MILLGRAM: OK . . .To answer the question, you have to have a view about what it is to be philosophical, and the problem here is that I have three different views. I worry about this question a lot. I think it’s part of philosophy to be aware of the question, what is it to do philosophy right and what philosophy is. So I can run through the three takes I have really quickly —

COWEN: Give us the three quick takes, yes.

MILLGRAM: —and then you can see the worries. Sometimes I think . . .

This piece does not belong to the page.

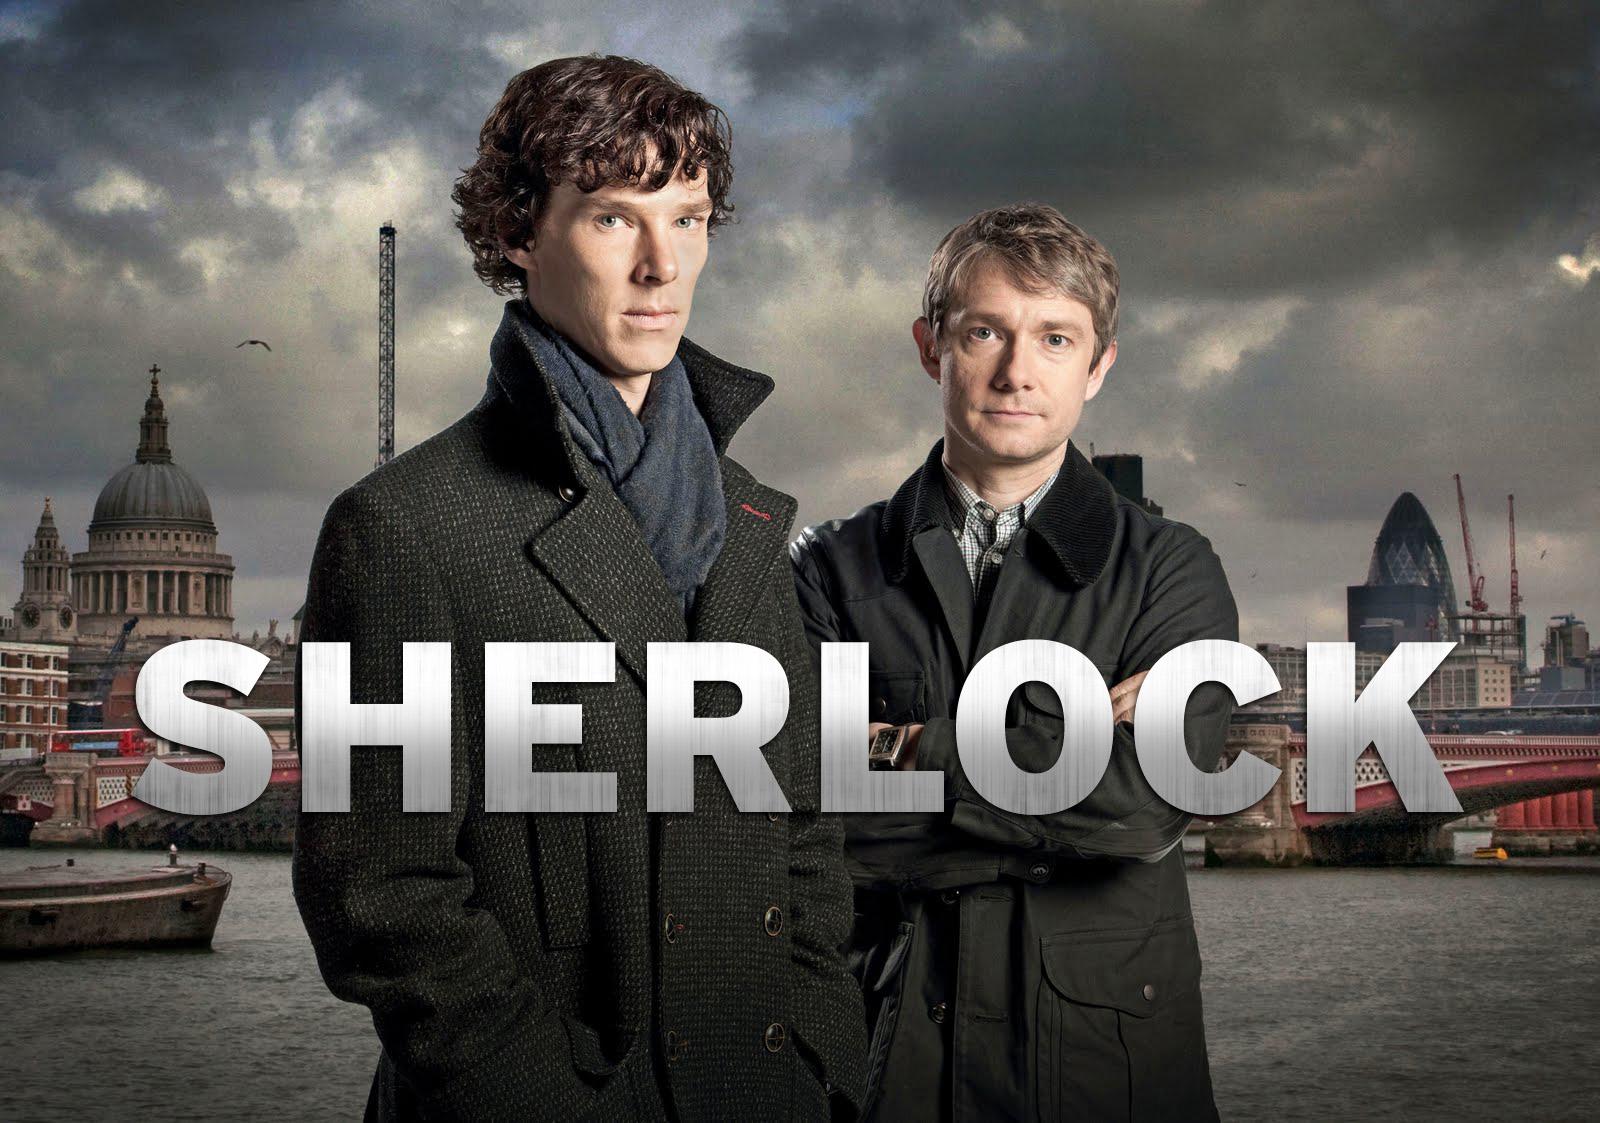 http://www.notzombies.com/wp-content/uploads/2010/12/bbc-sherlock-1600.jpg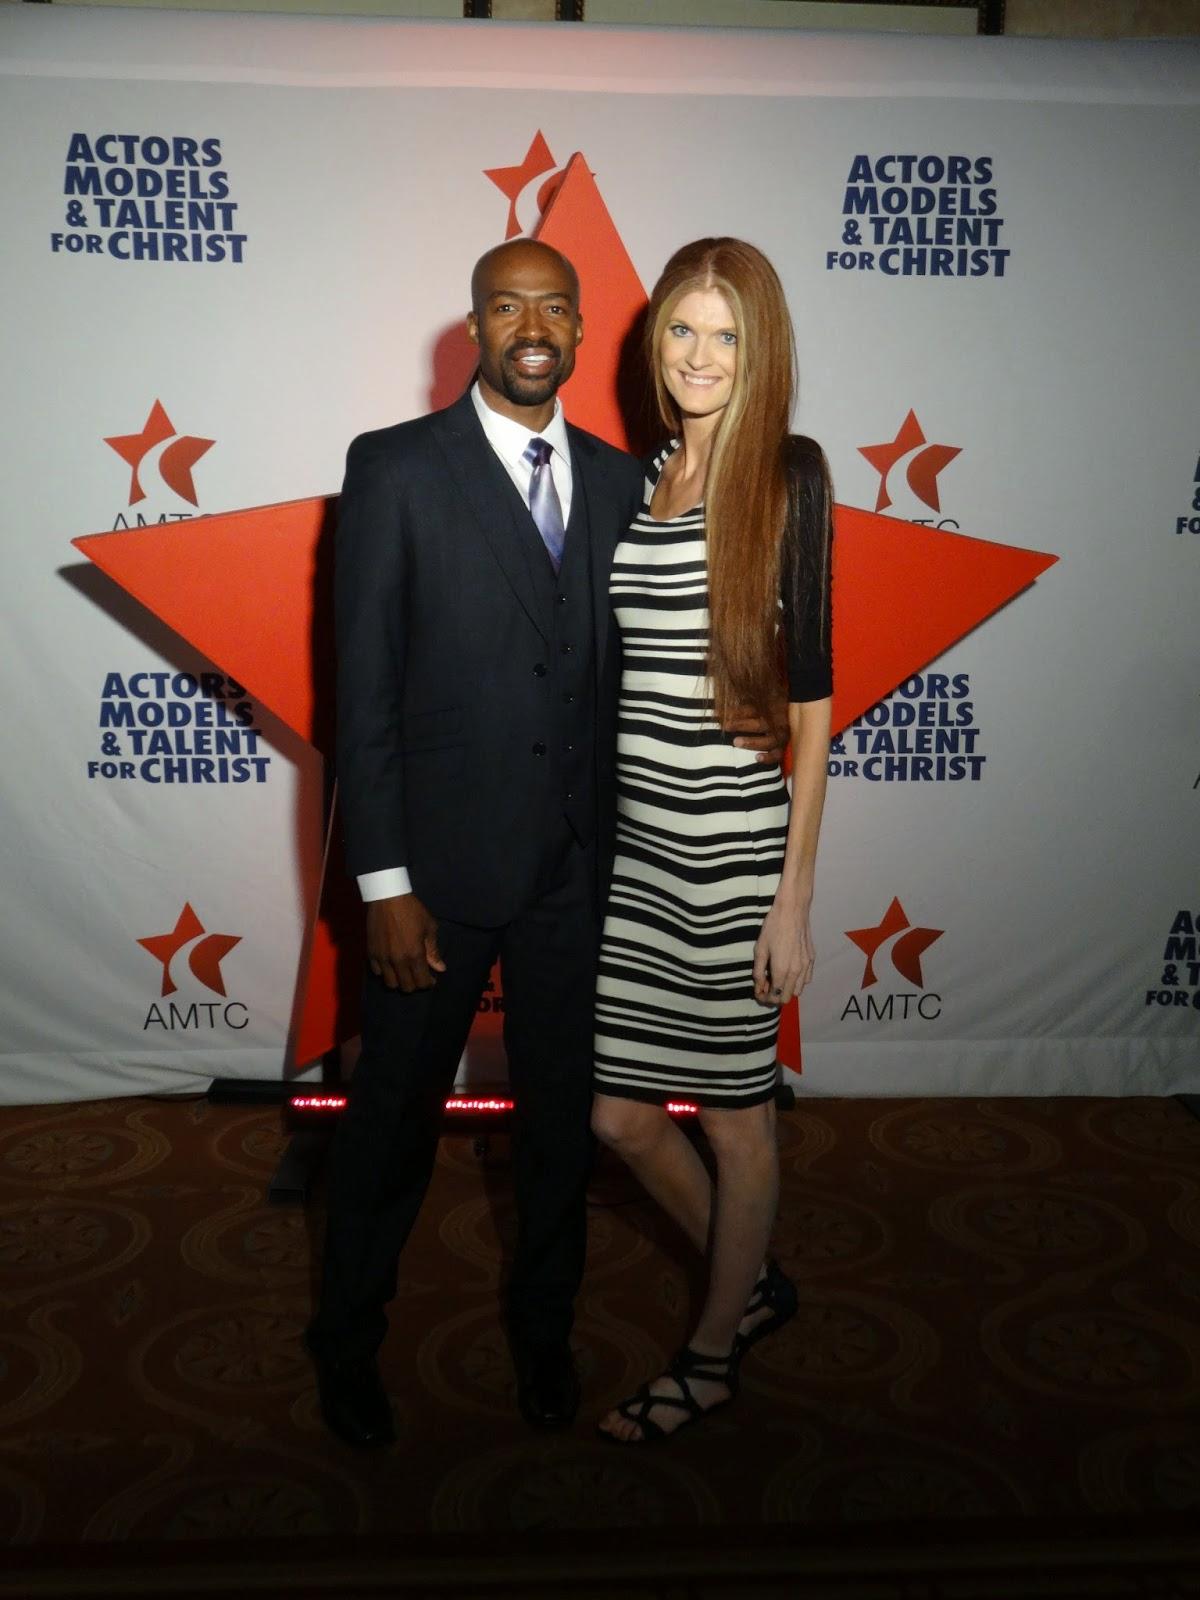 AMTC Shine 2013 Red Carpet with Wladimir and Elyssa

Philosophy is an applied science. It’s the machine-tool industry of the mind. We make the intellectual tools that make the intellectual tools. We’re engineering and engineering science. We’re very high up in the value chain so people don’t notice, but that’s what we do. On that take, I have all of these colleagues—most of my colleagues who think that what they’re doing is completely useless, and they’re proud of it. They have the attitude that John Dewey complained about where you think of yourself as a member of the leisure class and you’re glad that you don’t do anything useful.

There’s a second take on philosophy that I can’t get away from, which is that it’s a response of a certain kind to the imperative of the Delphic oracle: “Know thyself.” Philosophy requires you not to take things for granted and just—OK, I had a colleague in a previous job who remarked to me that there’s a phrase that nonphilosophers use that philosophers never use. It’s starting a sentence with “My philosophy is,” and he pointed out that what’s going to follow is some view that the person simply will not reconsider or give up—but that’s not what philosophy is about. Philosophy is about noticing that there’s something you’ve been taking for granted, and maybe it’s time to have second thoughts about it.

Again, if that’s your view of what philosophy requires, there are a great many people in my line of work who don’t live up to that. That is just disappointing. They’re just very, very confident in the way they do things, and they’re not going to have second thoughts.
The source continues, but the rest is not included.